Попыхивая своими любимыми сигарами и элегантно постукивая о деревянные ступеньки белыми тросточками, Торп и Турп спускались вниз по лестнице в город. Лестница эта начиналась сразу у двери их нового дома и тянулась по склону холма аж до самого города. Через каждые сто ступенек на ней были устроены небольшие площадки, где можно было бы отлично отдохнуть, если б там стояла хоть одна скамейка.
— Все-таки, Турп, — сказал Торп, когда друзья преодолели уже добрую половину пути, — спуск по лестнице без багажа таит в себе ОГРОМНЫЕ преимущества в сравнении с подъемом по ней с багажом.
— Все-таки, ты удивительный чудила, Торп, — ответствовал приятелю Турп. — То напускаешь на себя черт-те знает какую серьезность, а то болтаешь всякую ерунду перед действительно важным делом.
— Турп, — спокойно продолжал Торп, — неужели же в тебе нет ни крупинки поэзии?
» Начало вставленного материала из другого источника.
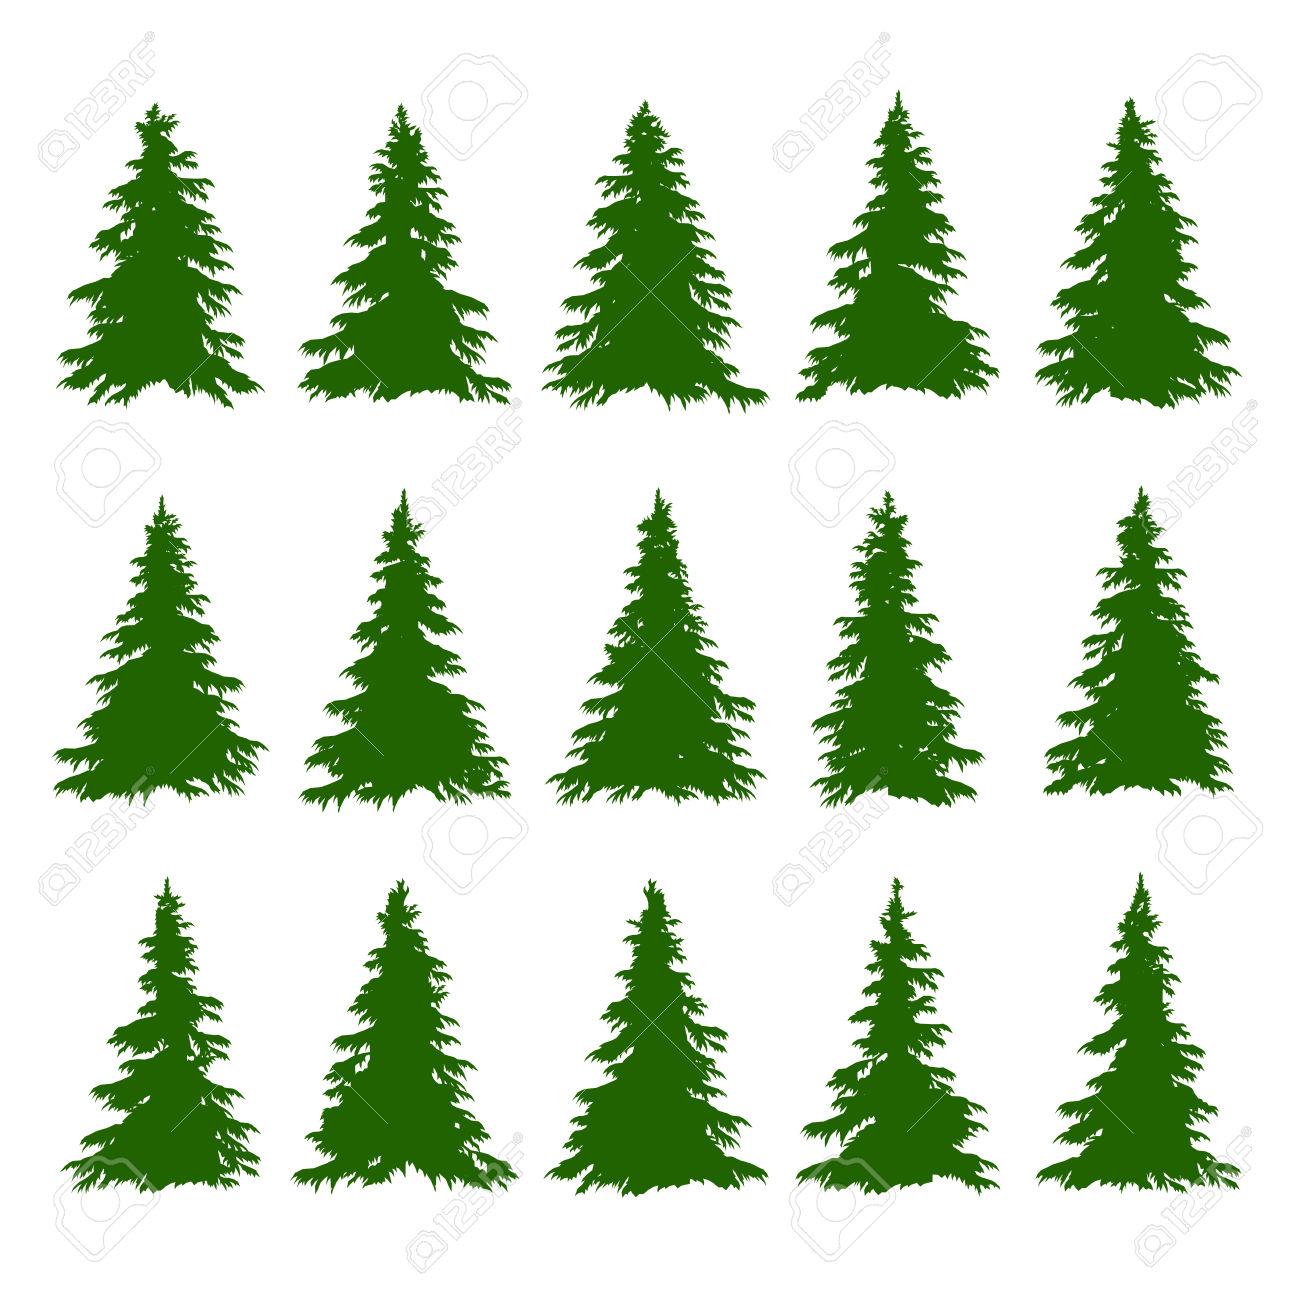 Conifer clipart.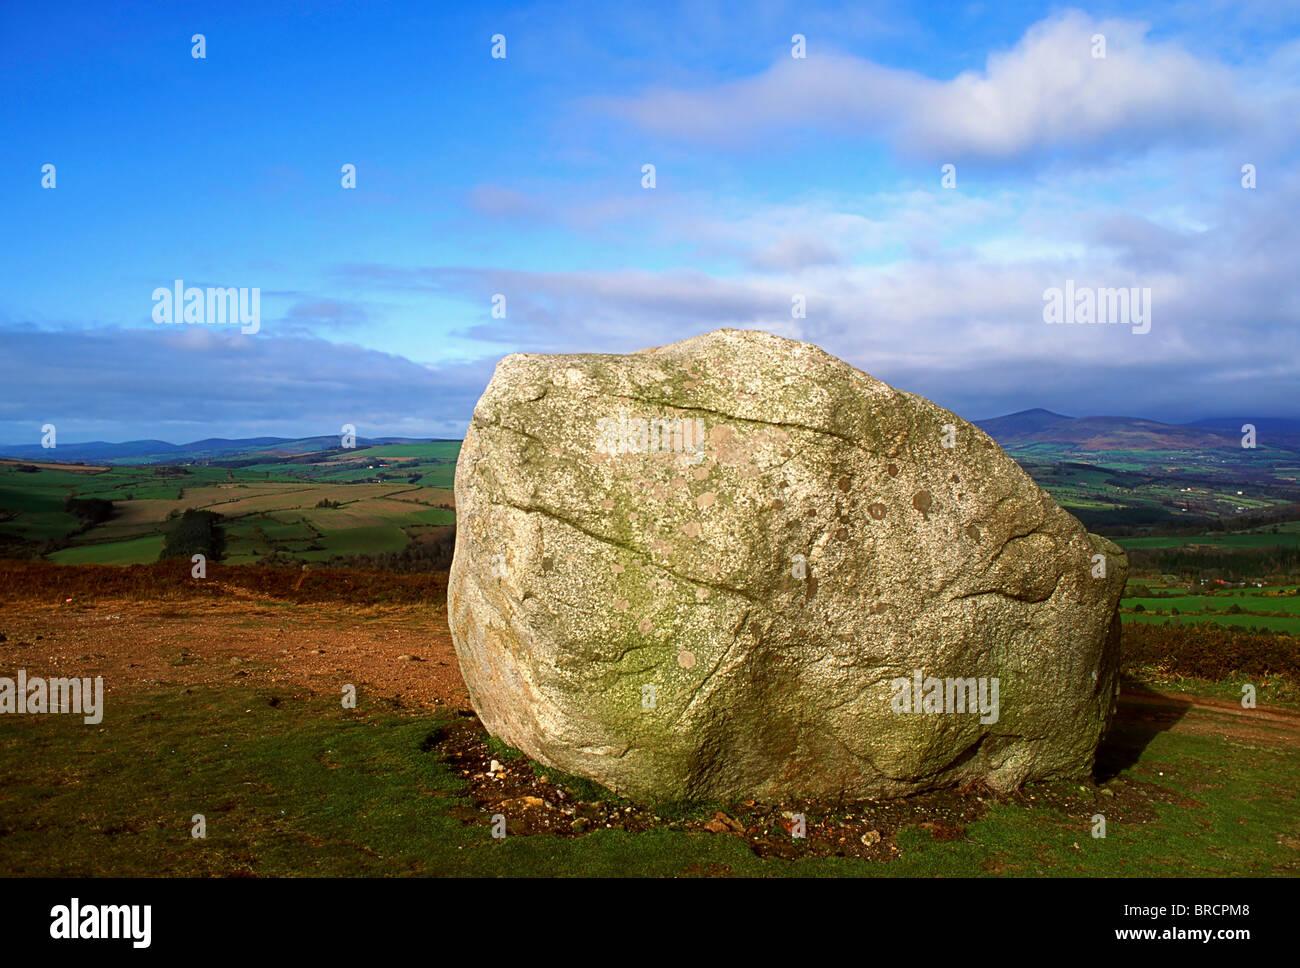 Motty Stone, Avoca, Co Wicklow, Ireland - Stock Image

Неужели жесткий здравый смысл настолько подчинил себе твою природу, что ты совершенно неспособен предаться таким вещам как фантазия и импровизация? И запомни, пожалуйста, — мы с тобой идем не допрашивать свидетелей, а купить «Монтекки и Капулетти» у табачника, апельсинового ликера у виноторговца, булочек и черного хлеба у булочника и по-дружески с ними поболтать о том, о сем. А если ты прямо с порога, не поздоровавшись, набросишься на них со своими крышами, они обидятся и ничего не скажут, даже если что и видели.
Так вот беседуя, сыщики добрались до города.
Дом табачника Спича, где также находилась и его лавка, стоял у самого подножья холма.
Сам Спич был человеком ужасно необщительным, целыми днями торчал в своем магазинчике, и постепенно его лицо, такое же тощее, как и он сам, приобрело табачный оттенок.
— Добрый день, Спич, — сказали Торп и Турп, едва очутившись в лавке. — Прекрасная сегодня погода, а?
В ответ Спич по обыкновению пробурчал что-то весьма невнятное. Это могло в равной степени означать и «Добрый день!», и «Идите вы к черту с вашей погодой».
— Как дела, Спич? Как здоровье? — поинтересовался Торп.
Спич молчал.
— Ну, и чего ты молчишь, как пень? — первым не выдержал нетерпеливый Турп.
— Жду, — наконец-то снизошел до ответа Спич. — Точнее, ждал. Ждал очередной банальности. Сначала погода, затем здоровье. И, наконец, дождался оригинального сравнения меня с пнем. Прекрасное начало для беседы, просто прекрасное.
— Ты чем-то огорчен, Спич? — участливо спросил Торп.
— Огорчен? Нимало. Жизнь полна радостных сюрпризов. В ее распоряжении имеются такие прелестные вещицы как землетрясения, наводнения, эпидемии, пожары. А теперь еще к этому прибавилась соблазнительная возможность, проснувшись поутру, не обнаружить крыши над своей головой.
— Ну, брось, старина, — утешил его Торп. — Не следует сгущать краски. Почему именно у тебя должна пропасть крыша?
— Уж я-то знаю, почему. Поживете с мое — и вы узнаете.
— Знаешь? — воскликнул Турп, не обращая внимания на сигналы, которые ему подавал Торп. — Уж не хочешь ли ты сказать, что тебе что-то известно по делу похищения крыш?
— Вот это мило, — заметил Спич язвительно. — Я бы даже сказал, ЧРЕЗВЫЧАЙНО мило. Человек целыми днями сидит в лавке, единственно чтобы оказать услугу каждому, кому вдруг взбредет в голову покурить сигару. Естественно, казалось бы, что ОН вправе ожидать от своих посетителей новостей. Если же новостей требуют от него, и он в ответ на это не смеется любопытному в лицо, то это означает лишь одно: этот человек очень хорошо воспитан и умеет держать себя в руках.
С этими словами Спич принялся перекладывать на прилавке товар с видом человека, которого ничто не сможет заставить продолжать беседу.
— Ты не знаешь, Турп, — сказал Торп, когда они направлялись от дома табачника к дому виноторговца, — почему мы покупаем сигары именно у этого противного субъекта?
— Наверное, потому, — ответил Турп, — что у него единственная табачная лавка в городе.